Ксения Борисовна, конечно, накупила целую авоську.
— Кх-Ксаночка, хлеб хороший, но надо обжечь его на огне, а то грузчики на него ссали, — неожиданно попросила Маринину Фаина Георгиевна, встретив ее у двери.
— Все готово — обожгла хлеб, — вскоре сообщила Маринина.
— Вы д-долго его обжигали, Кх-саночка? Ведь они д-долго на него ссали! — удрученно говорила Раневская.
Скромный гений
Еще на съемках фильма «Весна», которые проходили в Праге, Фаина Георгиевна встретилась со своей семьей, переехавшей туда после эмиграции. Они начали общаться. Через несколько лет сестра Раневской, красавица Изабелла (Белла), теперь носившая фамилию Ален, овдовев, решила переехать в Советский Союз. Казалось бы, неустранимые бюрократические формальности помогла уладить министр культуры Е. А. Фурцева, покровительствовавшая Фаине Георгиевне. Всесильная «Екатерина Великая», как ее по праву называли, ходатайствовала, чтобы возвращенку прописали в квартиру сестры на Котельнической набережной. Все вроде бы складывалось хорошо. Однако Белла, долгие годы прожившая в славном городе Париже, была до крайности подавлена убогостью советского быта. Зная о всенародной известности Фаины, она ожидала увидеть у нее роскошную машину, загородную виллу, а попала в типовую квартиру, в которую постоянно доносился шум со двора. Белла никак не ожидала, что прославленная актриса, по западным меркам — настоящая «звезда», живет столь скромно, если не сказать, бедно. Да и полупустые полки московских магазинов после парижского изобилия не могли не шокировать избалованную иностранку. Изабелла так и не смогла привыкнуть к новой реальности. Через несколько лет после переезда врачи обнаружили у нее рак. Раневская возила сестру к самым авторитетным медицинским светилам, устраивала в элитные больницы, как могла выхаживала, но не спасла. Белла умерла в 1964 году.
* * *
Протоиерей Михаил Ардов, в молодости часто бывавший в квартире великой актрисы, рассказал такой случай. Однажды он увидел на столе Раневской фотографию, на которой были запечатлены две фигуры: сама Фаина Георгиевна и Екатерина Алексеевна Фурцева, которая смотрела на актрису снизу вверх и очень преданно. На оборотной стороне снимка рукою Раневской было написано буквально следующее:
«Е. А. Фурцева: Как поживает ваша сестра?
Я: Она умерла…»
Повертевши фотографию в руке, Ардов заметил иронически:
— Фаина Георгиевна, а Фурцева на этом снимке играет лучше, чем вы…
Но его выпад Раневская игнорировала и произнесла:
— Я очень, очень ей благодарна… Она так мне помогла. Когда приехала моя сестра из Парижа, Фурцева устроила ей прописку в моей квартире… Но она крайне невежественный человек… Я позвонила ей по телефону и говорю: «Екатерина Алексеевна, я не знаю, как вас благодарить… Вы — мой добрый гений…» А она мне отвечает: «Ну что вы!
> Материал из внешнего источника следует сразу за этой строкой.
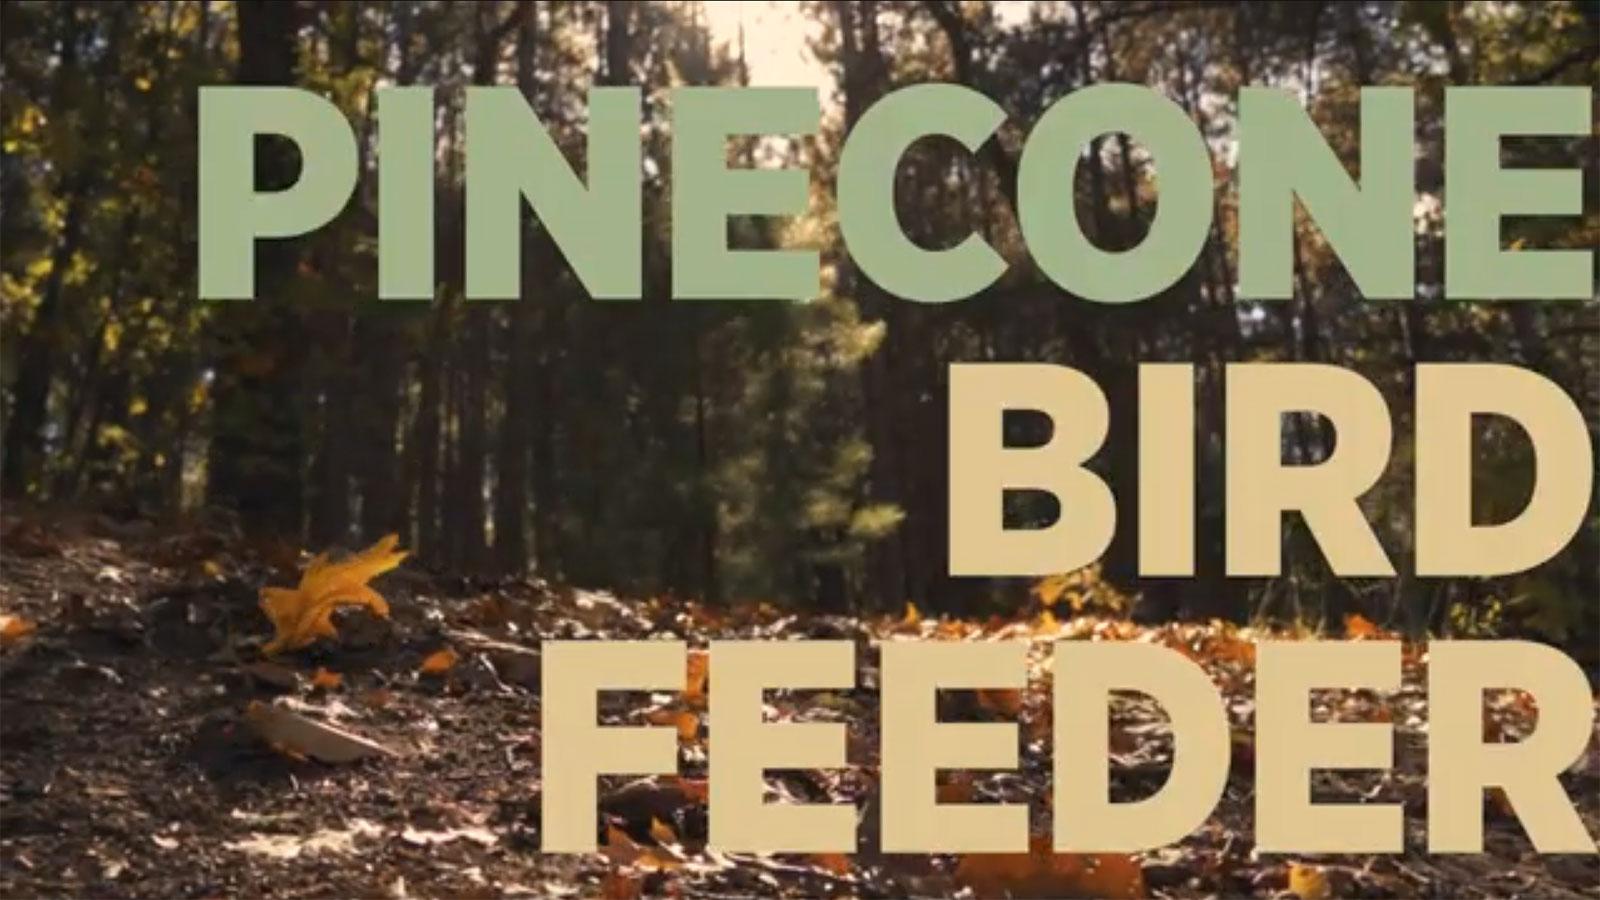 pinecone-bird-feeder-feat
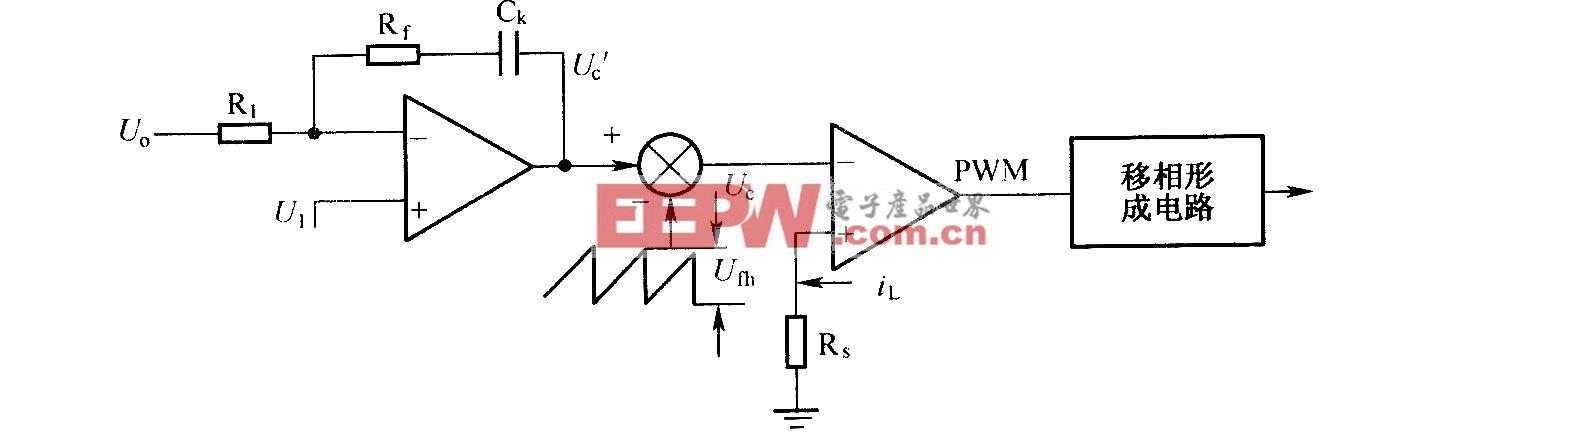 峰值电流的反馈电路

Какой же я — гений?.. Я скромный советский работник…»
Чистая лирика
На день рождения известной балерины Татьяны Вечесловой в ее доме собралось сорок — пятьдесят человек гостей. Пришли поздравить именинницу Анна Андреевна Ахматова вместе с Фаиной Георгиевной Раневской, оказавшейся в ту пору в Ленинграде.
— Смотрите, что Вам Аннушка принесла, — подтолкнула почему-то смущающуюся Ахматову Раневская.
— Поздравляю вас! Вот… — Анна Андреевна достала из сумки сверток. Там оказалась замечательная статуэтка Ахматовой работы Елены Данько. Необыкновенно изысканная фигурка сантиметров двадцати стояла на круглом белом постаменте в длинной дымчатой тунике. На подчеркнуто прямые плечи была наброшена шаль цвета терракоты. Голова — чуть опущенная и повернутая в три четверти — моментально узнавалась по знаменитому профилю с горбинкой и челке.
— Только голова у нее отбита, — сказала очень серьезно Анна Андреевна, и стало понятно ее смущение. — Но я сама приклеила, пока держится…
В тот вечер за столом Раневская сказала собравшимся гостям: «Знаете, я вчера перечитывала Пьера Ронсара, это восхитительно…» И стала читать стихотворения великого поэта по-французски, а потом и в русском переводе, опустив веки, чуть раскачиваясь под строфу:
В твоих объятьях даже смерть желанна!Что честь и слава, что мне целый свет,Когда моим томлениям в ответТвоя душа заговорит нежданно…
Но вдруг, неожиданно прервавшись и широко раскрыв глаза, спросила: «Ну как? Обосраться можно, верно?!»